For permeabilization, add 300 microliters of 0.25%Triton X-100 in PBS and incubate for 30 minutes. Following washing with PBS, pipette 300 microliters of 3%bovine serum albumin in PBS in both chambers and incubate for one hour. For immunofluorescent staining, prepare 50 microliters of antibody solutions using 3%BSA for each membrane using appropriate dilution ratios.
To access the cells within the Biochip, make an exact cut across the outside of the cavity and remove the bonding foil. Using a scalpel, cut the membrane out by removing the edges sealed to the Biochip. After dividing the membrane into two pieces, collect the membrane pieces with a tweezer and place them on a microscopic slide for staining.

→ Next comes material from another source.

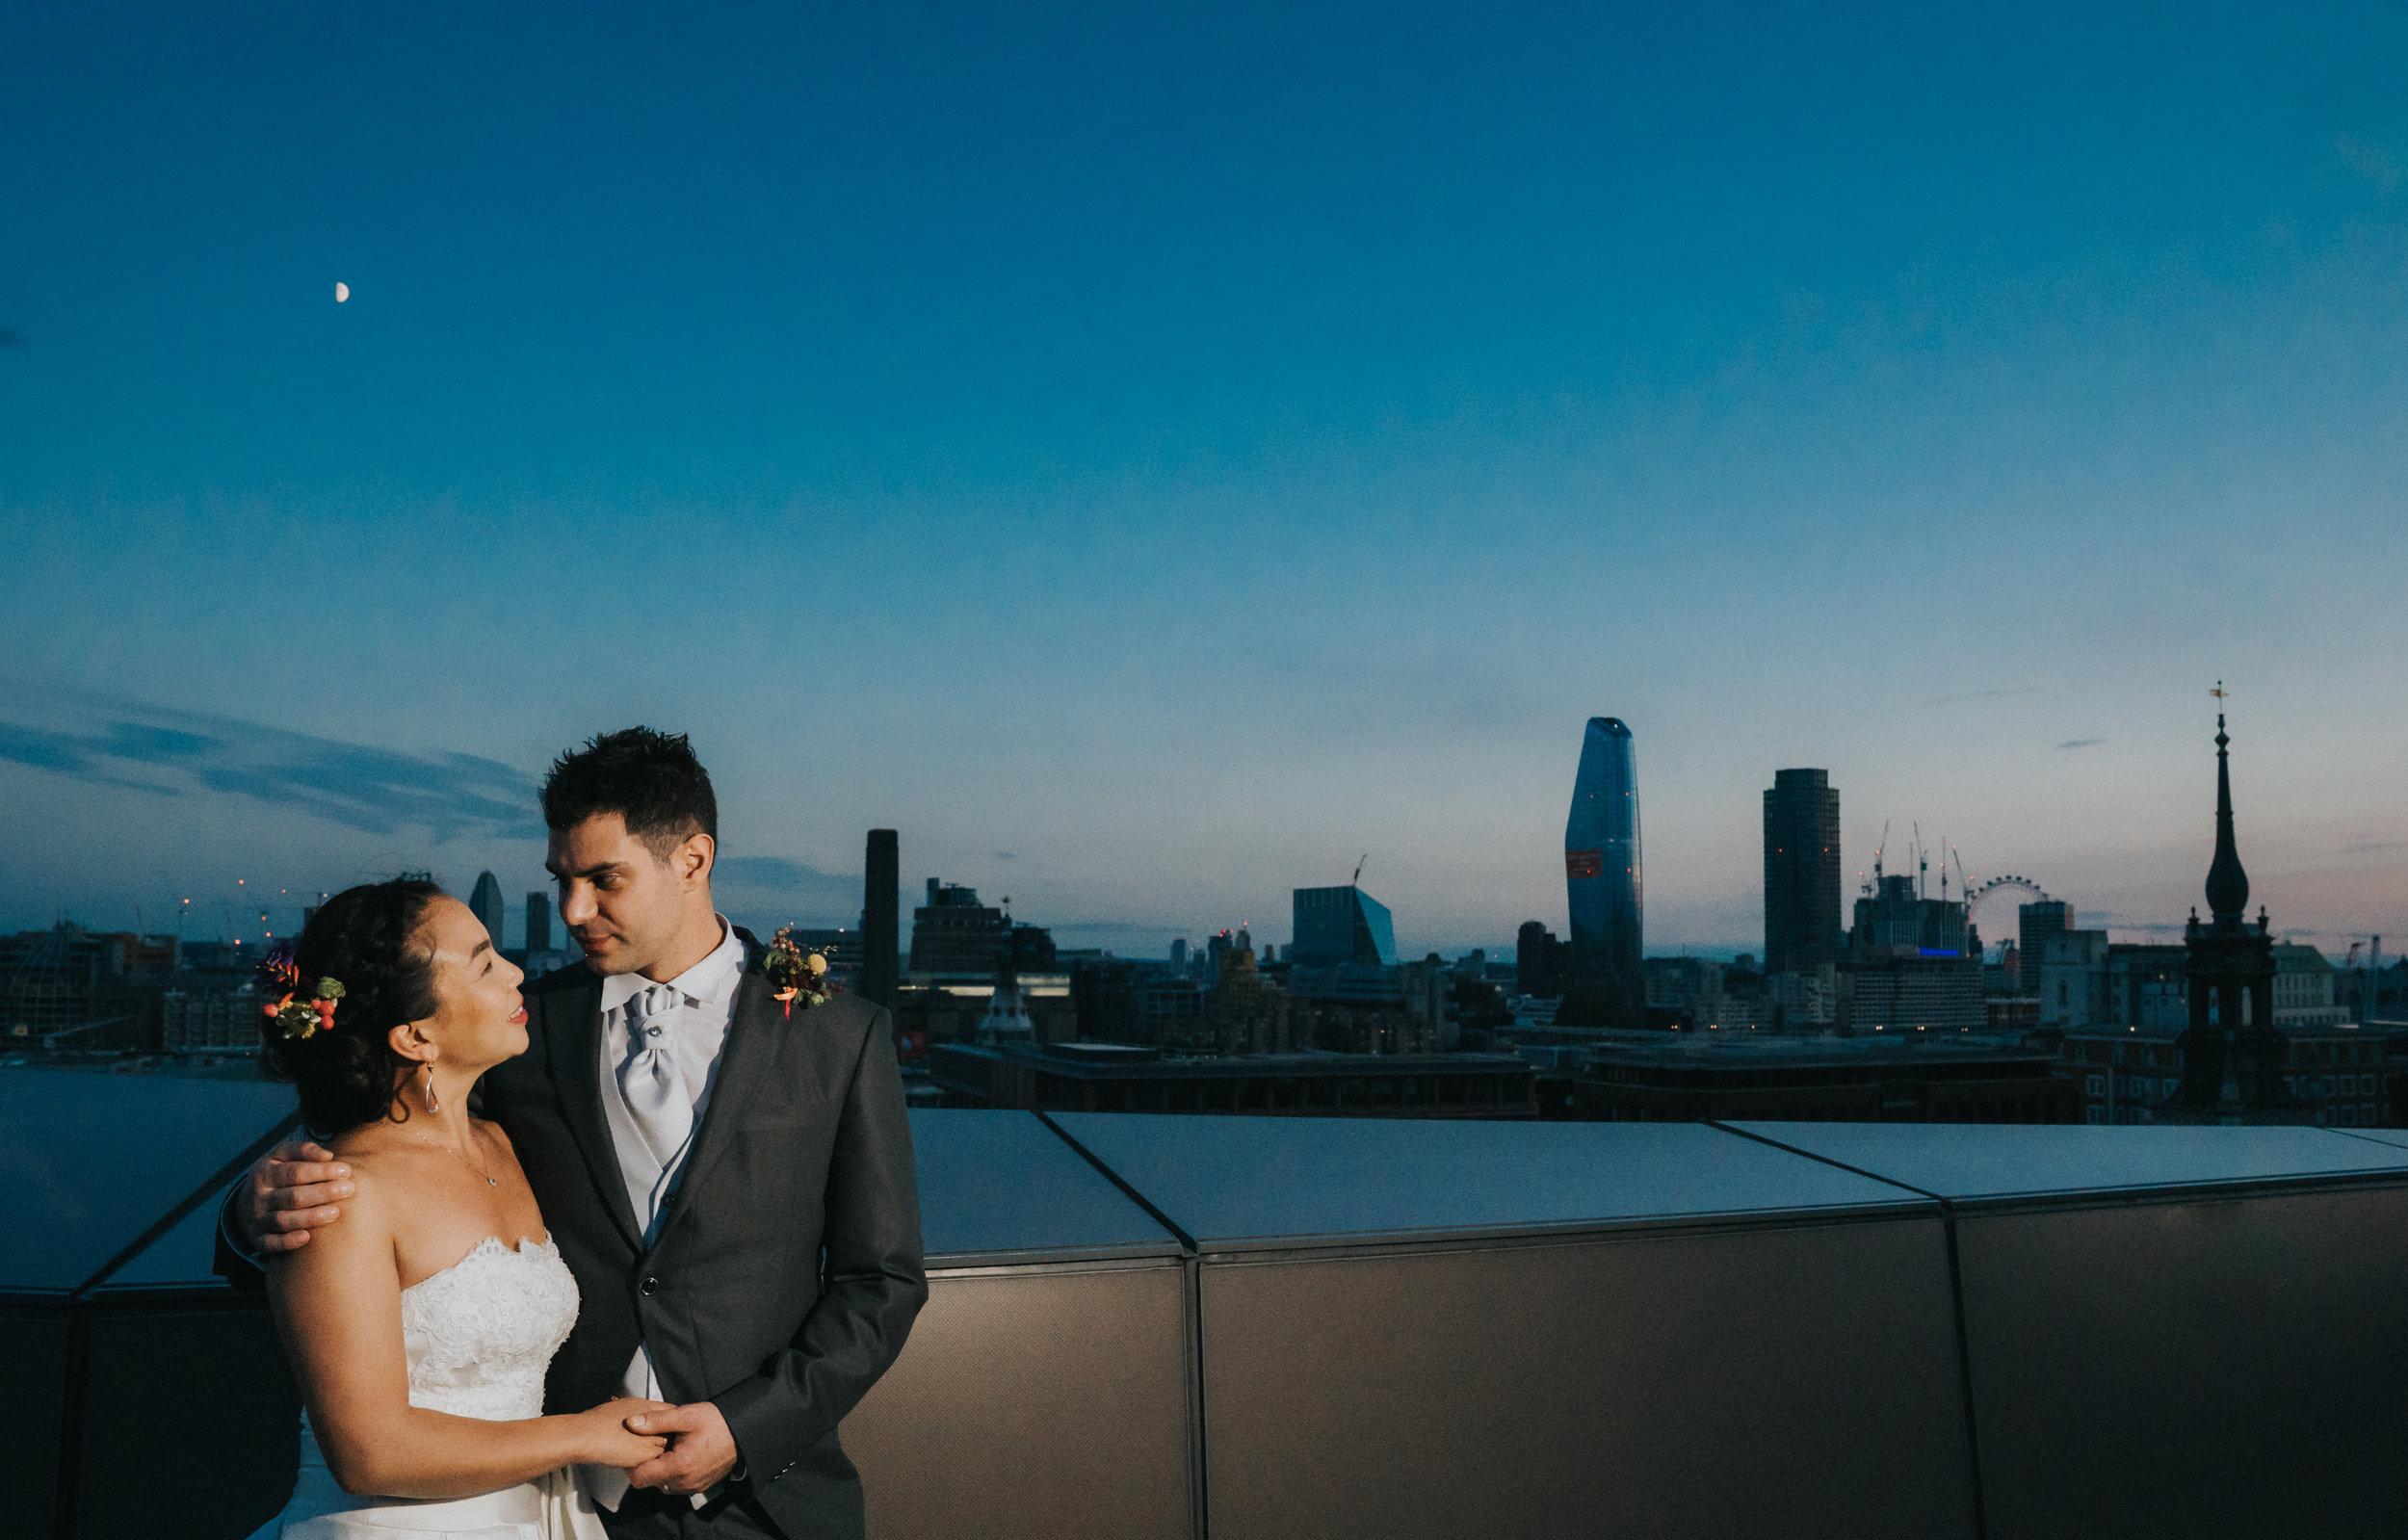 river-rooms-tower-bridge-london-stpauls-mondrian-hotel-wedding-photography-videography-75

Add 50 microliters of antibody solution to each membrane piece and incubate overnight at four degrees Celsius, protecting from light. After washing the membrane thrice with PBS, add a drop of mounting medium on the labeled slide and place the corresponding membrane. Add a drop of the mounting medium on the top of the membrane and place a cover glass.
Immunofluorescence staining of human umbilical vein endothelial cells revealed morphological alterations and marker protein expression after 14 days of co-culture. On the vascular side, VE-cadherin expression at endothelial cell borders suggested confluency and endothelial barrier formation. The epithelial side was assessed for E-cadherin and surfactant protein A expression, indicating alveolar epithelial integrity and function.